The Jagiellonians

This Project is now complete

The Jagiellonians: Dynasty, Memory and Identity in Central Europe is a major 5-year research project (2013-18), funded by a European Research Council Starting Grant and based at the History Faculty, led by Dr Natalia Nowakowska.

Website: https://jagiellonians.web.ox.ac.uk/home


Research Aims

The Jagiellonians were one of the most important dynasties in Renaissance Europe, ruling lands which constitute no fewer than 14 present-day states. This was a royal dynasty which for two centuries flourished – paradoxically - in the elective monarchies of Central Europe. It has been heavily mythologised, eulogised, criticised and argued over ever since in those lands, though the Jagiellonians remain little known in the English-speaking world.

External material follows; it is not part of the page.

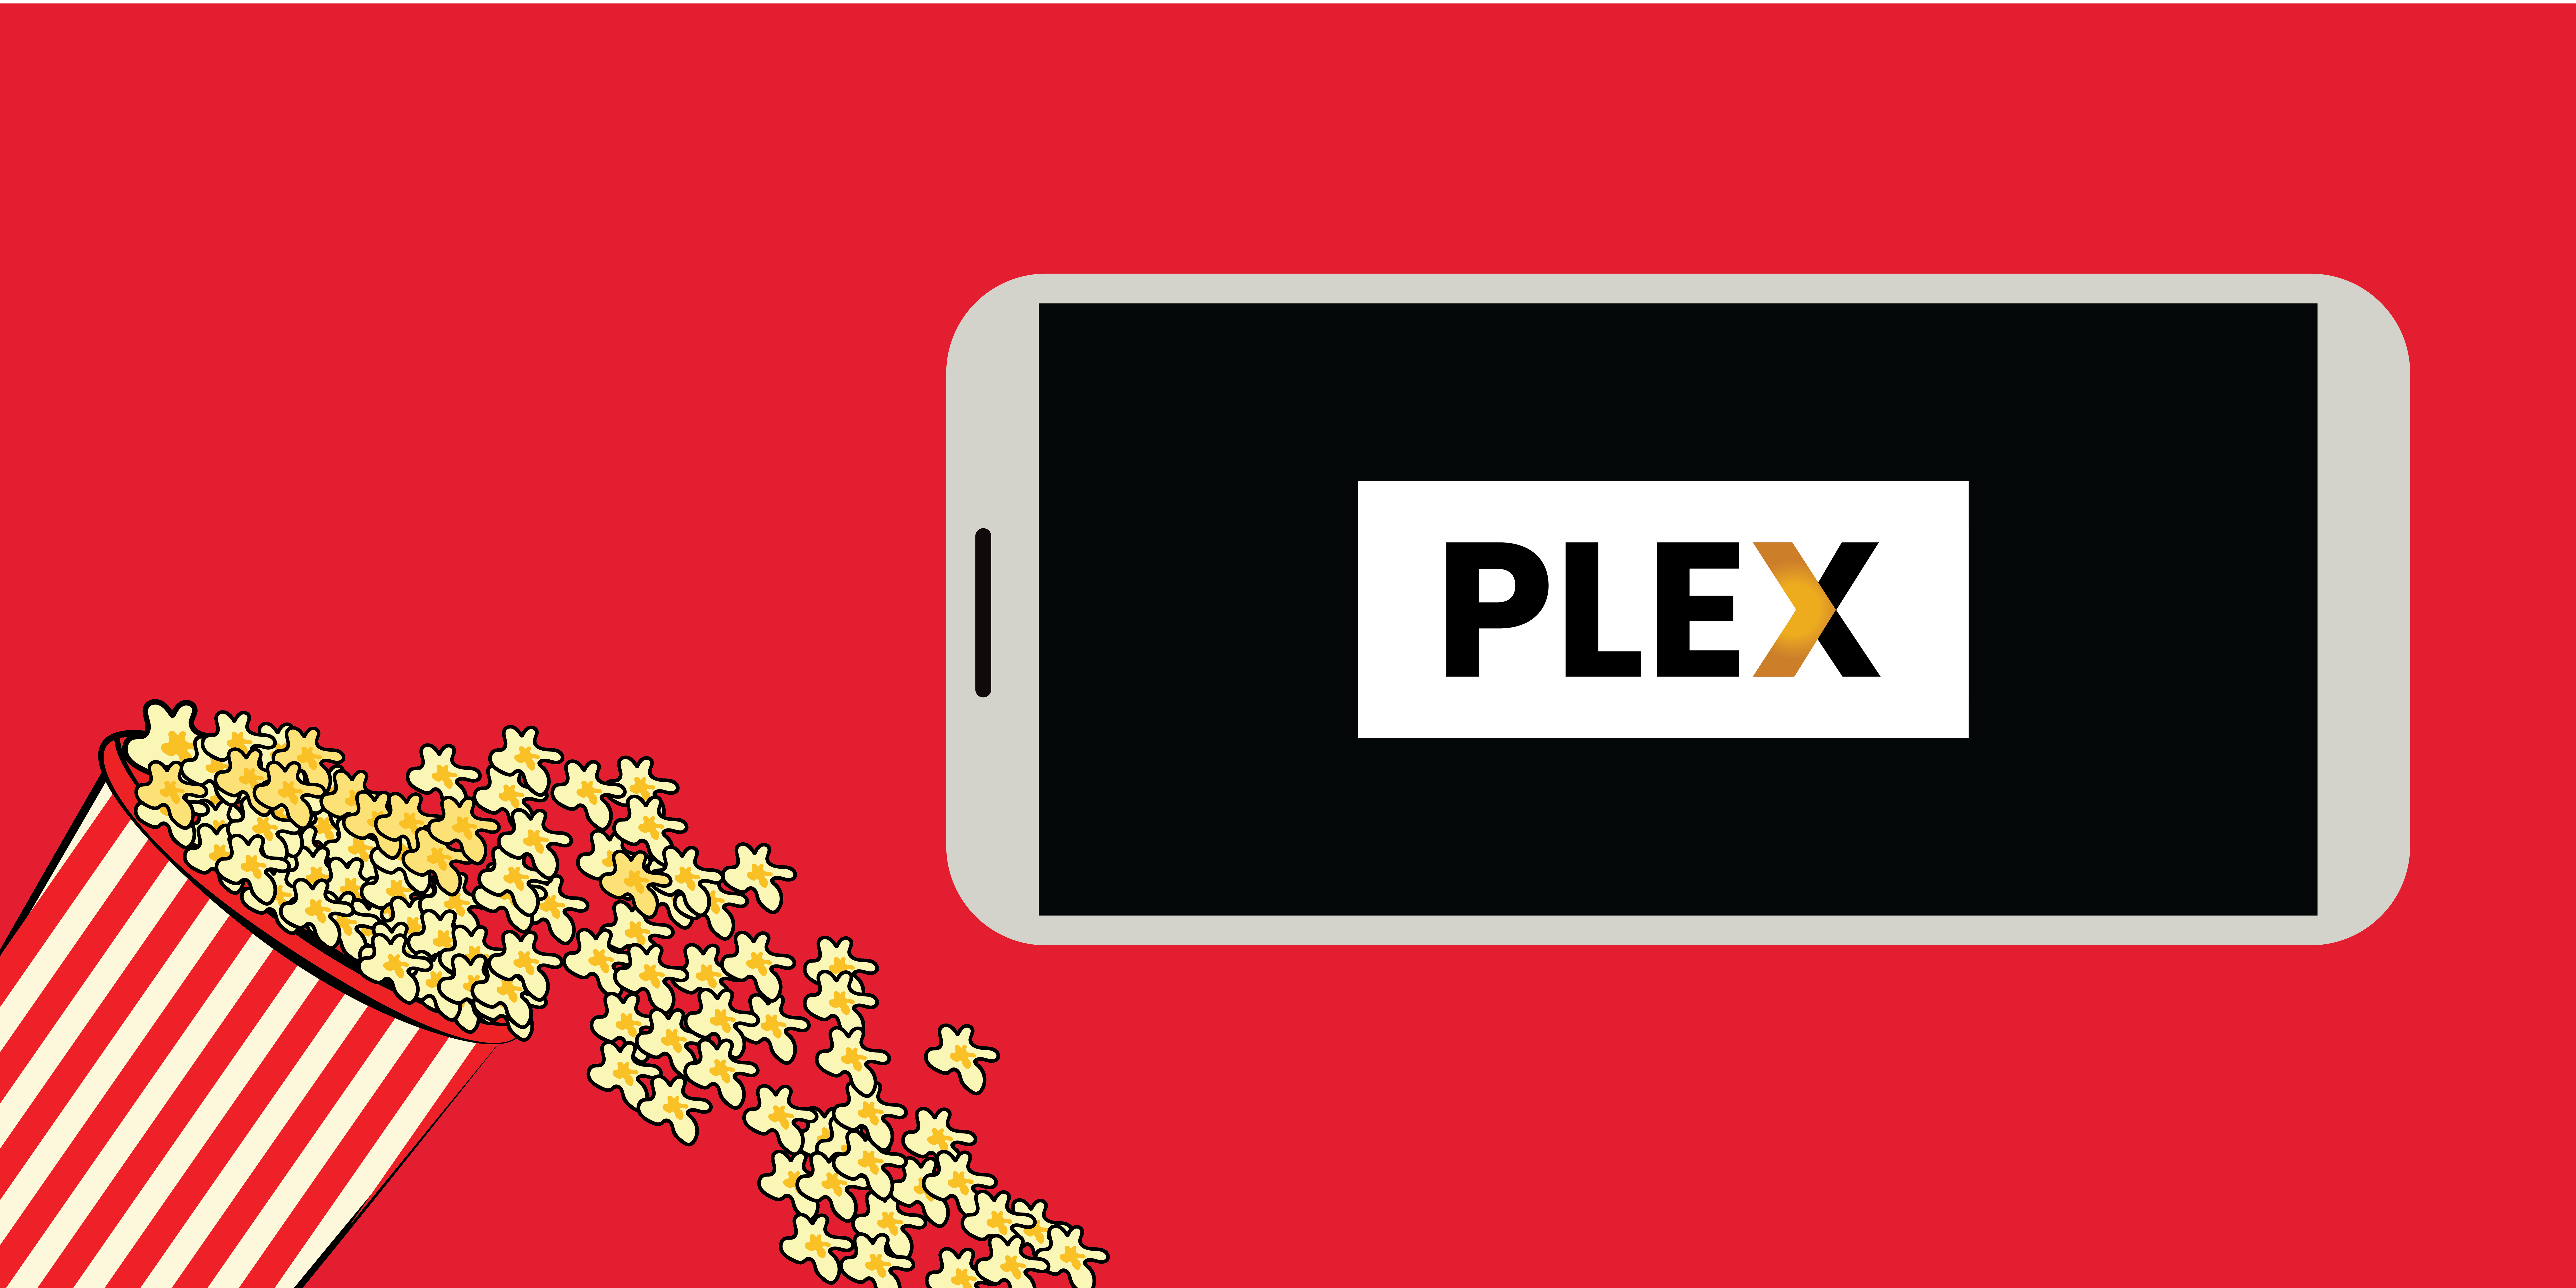 plex-logo-illustration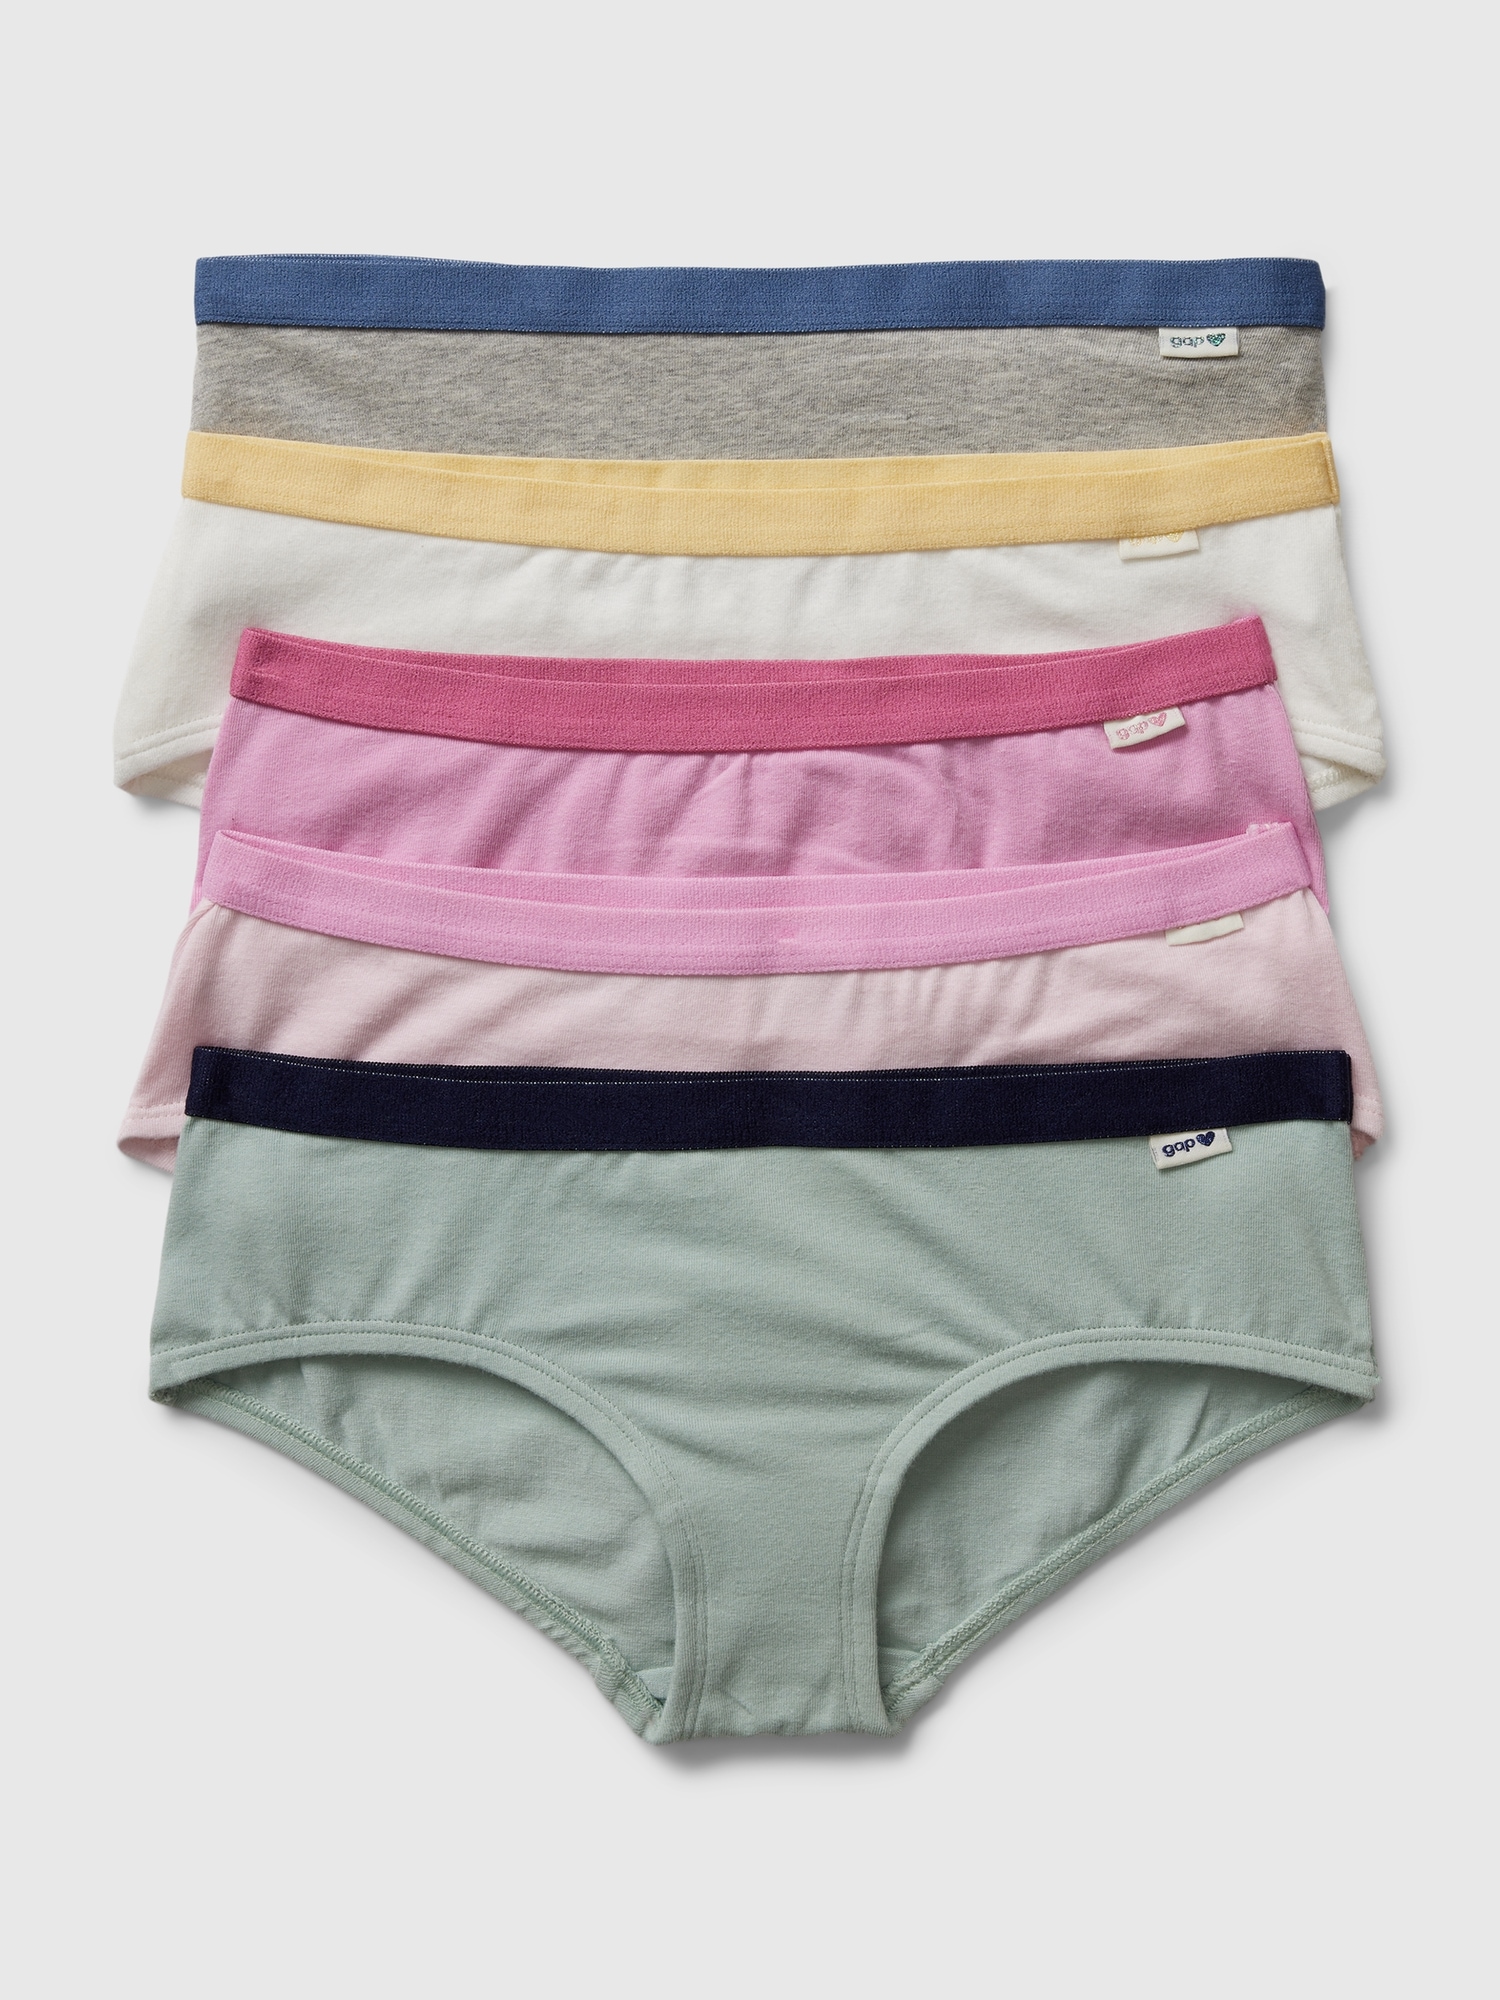 GAP Kids Underpants, 5 pcs - Girls

This project aims to offer a new study of the Jagiellonians, which focuses on them as a major international political phenomenon. It uses the Jagiellonians as a case-study to explore how dynasties functioned and what they were in Renaissance Europe. It examines the Jagiellonians' legacy by looking at the highly divergent ways in which they have been remembered across Central Europe.

By tracing the evolving meanings attributed to the Jagiellonians from the late middle ages until the present day, the project will offer a metahistory of the dynasty. It aims to fill a gap in our knowledge of Europe in the fourteenth to sixteenth centuries, by putting the Jagiellonians fully back in the picture, alongside the Habsburgs, Tudors, Bourbons, Borgias, Medici and other celebrated royal houses of late medieval and Renaissance Europe.